First lets look into the what “power factor” actually is. Power factor is a number which remains unit-less and generally speaking the perfect value is 1, we’ll get back to this later. Power factor only comes into play in AC circuits and can be measured at an equipment / board level or for an entire building.

Power factor explains the relation between “True Power” and “Apparent Power” within a system.

$$Power Factor =\frac{True Power (kW)}{Apparent Power (kVA)}$$

This boils down to the difference between the amount of energy put into a system (apparent power) vs what is delivered to the load (true power, the usable stuff kind of). The additional energy put into the system that is not delivered to the load is lost as reactive power kVAr, this is energy we pay for but get nothing in return. We do need reactive power sometimes, for example, to generate a magnetic field in a motor.

$$Apparent Power = kW \times kVAr$$

### How is it represented?

Power factor can be calculated and drawn using a triangle. The below diagram shows if you increase the reactive power, the apparent power also increases. Basic trigonometry allows use to find a range of these values if we know two or more values.

### Why its important?

Well for most house holds it is not, as energy companies only charge for the kWh used. However for commercial invoices companies will charged for everything broken down into kW, kWh, kVA and KVArh. This is down to the quantity of usage by commercial companies being far higher than that of a house hold. Energy supplies particularly dislike reactive power as it increases the current flow and increases the voltage drop in the grid; resulting in less capacity to serve other users on the grid, even to the point of causing failures due to excessive current. Due to the type of equipment used in industry they also tend to be high on reactive power.
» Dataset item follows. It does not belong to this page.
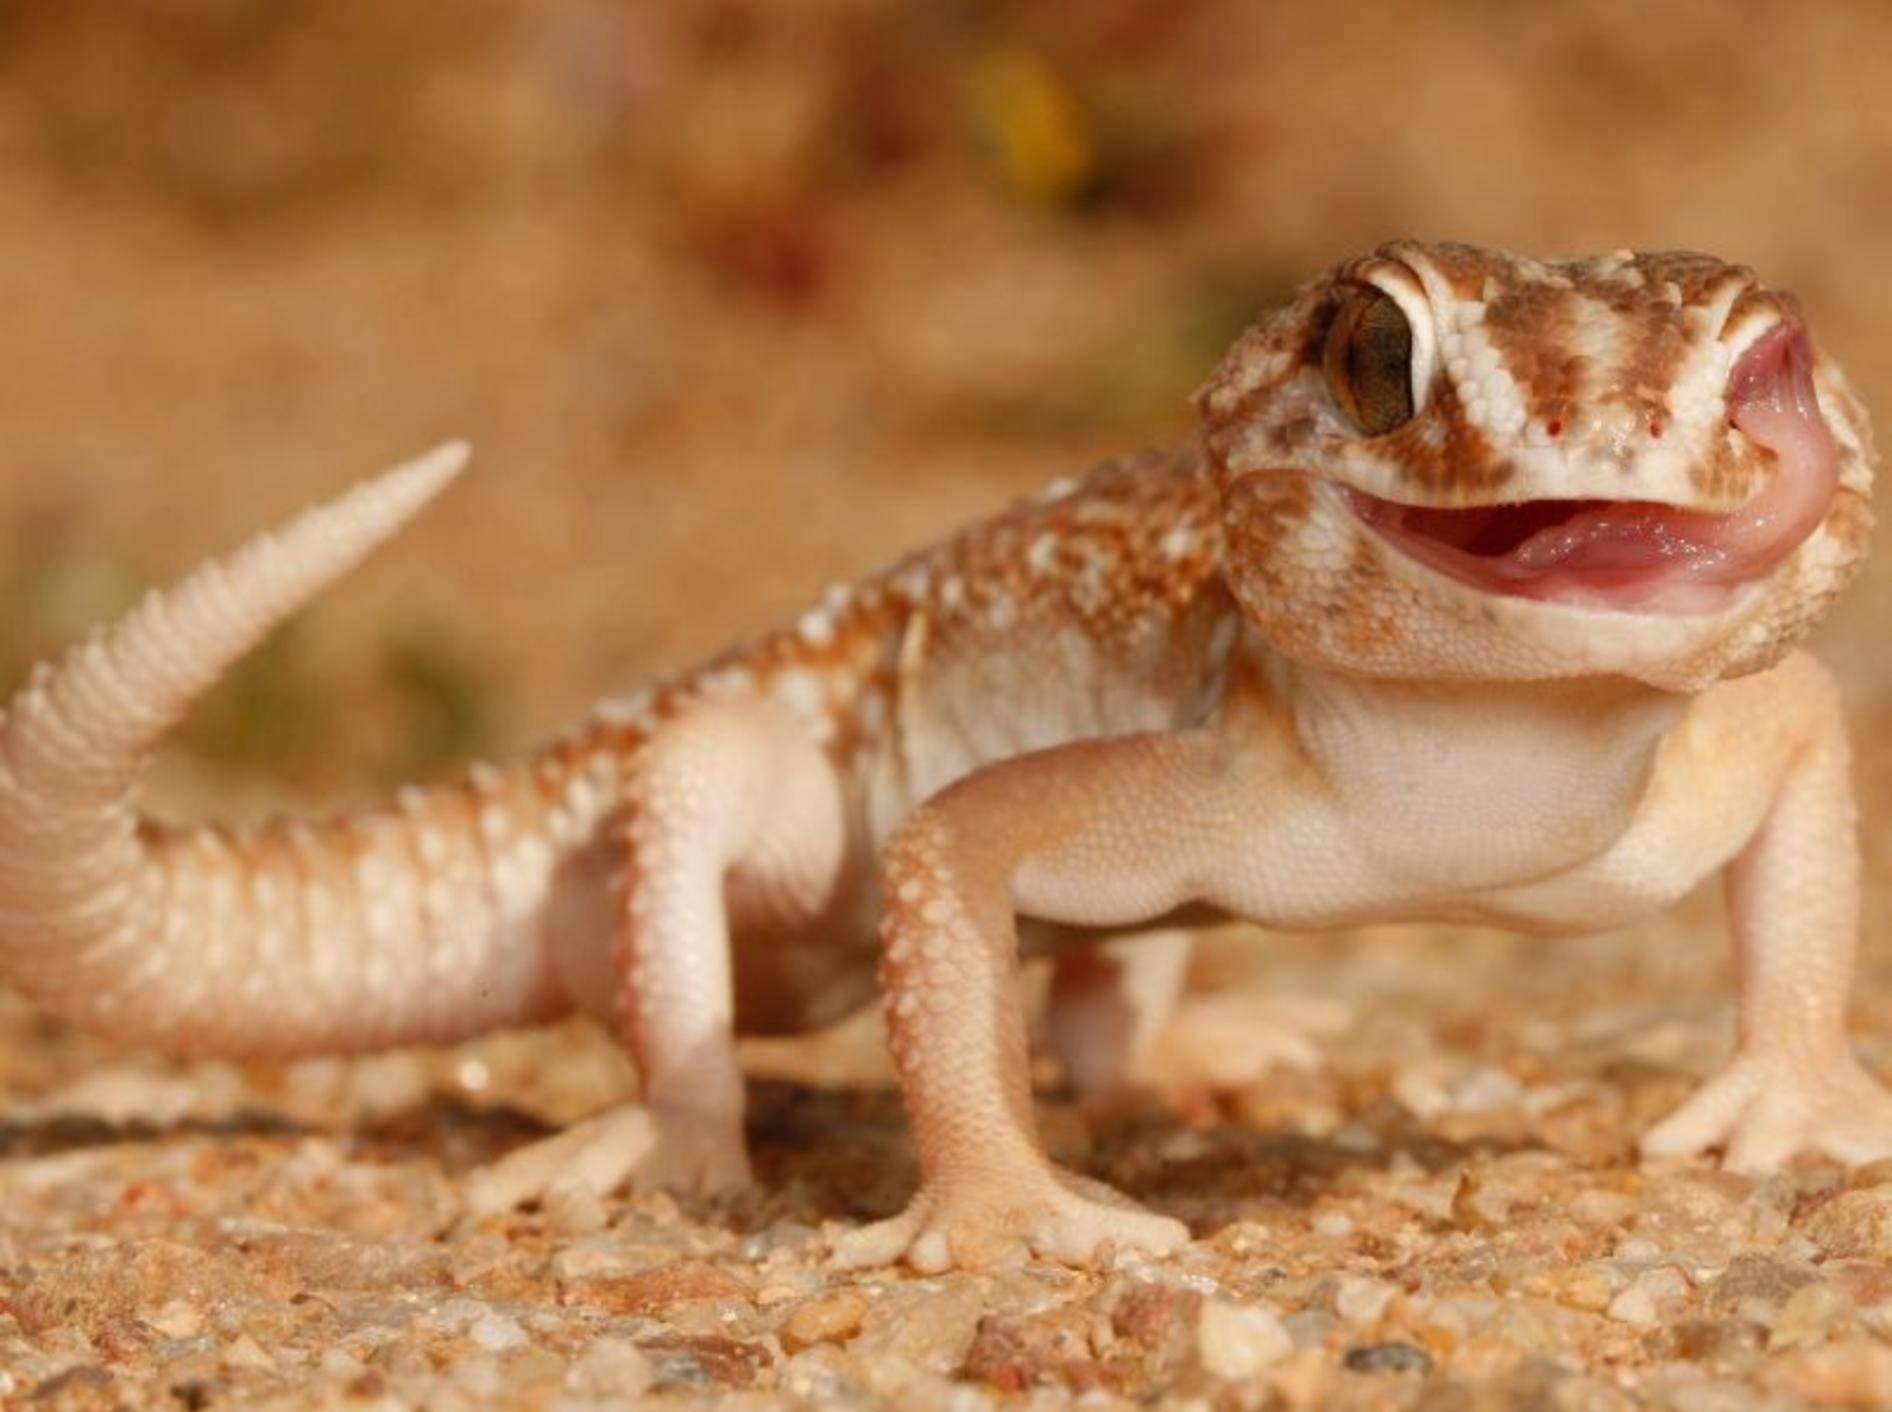 Der Sandgecko ist nachtaktiv und verbringt die heißen Mittagsstunden in seinen Gängen – Bild: Shutterstock / Andre Coetzer

Lets calculate the power usage of two motors, whereby one has a greater power factor:

 Motor 1 Motor 2 Specification Output Power: 1kWPower Factor: 0.7Voltage Supply: 415 Output Power: 1kWPower Factor: 0.98Voltage Supply: 415 Apparent Power $$\frac{kW}{Power Factor} = \frac{1000}{0.7} = 1.42kW$$ $$\frac{kW}{Power Factor} = \frac{1000}{0.98} = 1.2kW$$ Reactive Power $$\sqrt{kVA^2 – kW^2} = \sqrt{1.42^2 – 1^2}= 1 kVAr$$ $$\sqrt{kVA^2 – kW^2} = \sqrt{1.2^2 – 1^2}=0.66 kVA$$

As you can see a motor with a higher power factor is more efficient, it requires less energy input for the same output power.

### The Cause?

The main cause of poor power factors are inductive loads, more common in industry than consumers. When the load is purely resistive, the phase of both voltage and current and in sync, the same, hence a power factor of one. However with inductive and capacitve loads energy is stored temperately within electric or magnetic fields before being released back to the grid, hence altering the phase between voltage and current. With an inductive load the current to lag the voltage. This also means that a capacitive load causes current to lead voltage.